In the case of neurodegenerative disorders, this may also require a deep dive into the gut microbiome, intestinal wall permeability, mechanisms of oxidative stress and mitochondrial failure, and many other factors that can be provoking your issues.


Our examination allows us to identify the areas and pathways of your brain that have been impacted by your condition. We begin by precisely quantifying the function of your visual, vestibular, and proprioceptive systems through computerized analysis of your eye movements, your inner ear reflexes, and your balance in a host of different sensory conditions. 
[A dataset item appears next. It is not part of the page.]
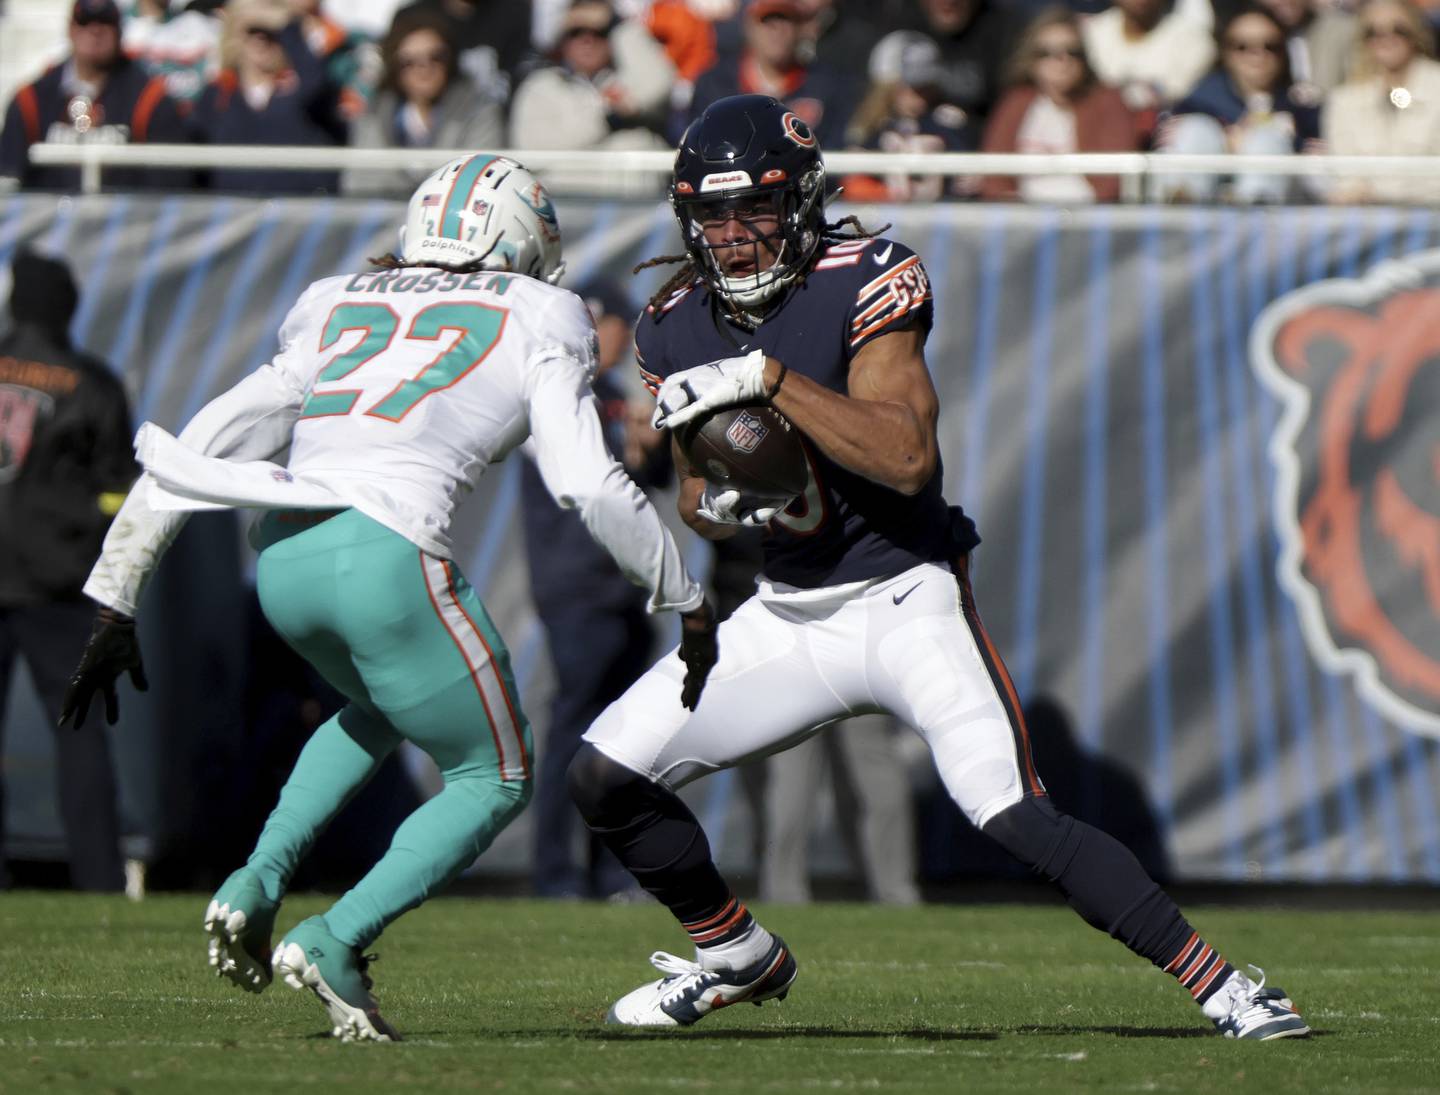 After catching a pass, Bears wide receiver Chase Claypool fakes out Dolphins cornerback Keion Crossen and runs for a first down on Nov. 6 at Soldier Field.

We employ technologies including Videooculography and Saccadometry to measure several classes of eye movements. We use Video Head Impulse Testing to measure the function of your inner ear, and Computerized Dynamic Posturography to assess your balance in different sensory conditions.


We use NeuroSensoryMotor Integration testing to evaluate hand-eye coordination and cognition, and Virtualis testing to assess dynamic eye tracking and perception of vertical in a virtual reality environment. 


We combine all of this with a comprehensive physical and neurological examination of your sensory, motor, autonomic, and cognitive systems. We review any relevant laboratory testing, radiological imaging, and prior neurodiagnostic testing, and integrate that information with our findings.


We use this information to identify which parts of your brain are working properly, which systems are struggling, and the precise point at which your systems fatigue. 


We can then design a NeuroRescue Program that is unique and specific to your brain, and yours alone. Your NeuroRescue Program works to rejuvenate and reintegrate the damaged neurons and pathways in your brain. It works to improve energy, endurance, and functional capacity within your fragile systems. 


We use our technologies and procedures to not only see what we need to address, but also when it is time to stop and let you rest. We address your impaired neurological function from multiple angles of therapy, and provide metabolic support to improve neurological recovery. 


While we cannot bring back neurons that have been lost to your pathology, your NeuroRescue Program allows us to take the pathways that remain and maximize their efficiency and endurance. And by focusing on the integration of systems, we can do more than just get pathways working better, we can get them working together again. This gives us our best opportunity to help you live a healthy, vibrant, and fulfilling life. 


Your Next Best Step:

Living with any neurodegenerative condition is challenging. While we cannot offer a cure for these disorders, we find that with our therapies many of the symptoms can be manageable, function can be enhanced, and quality of life can often be significantly improved. 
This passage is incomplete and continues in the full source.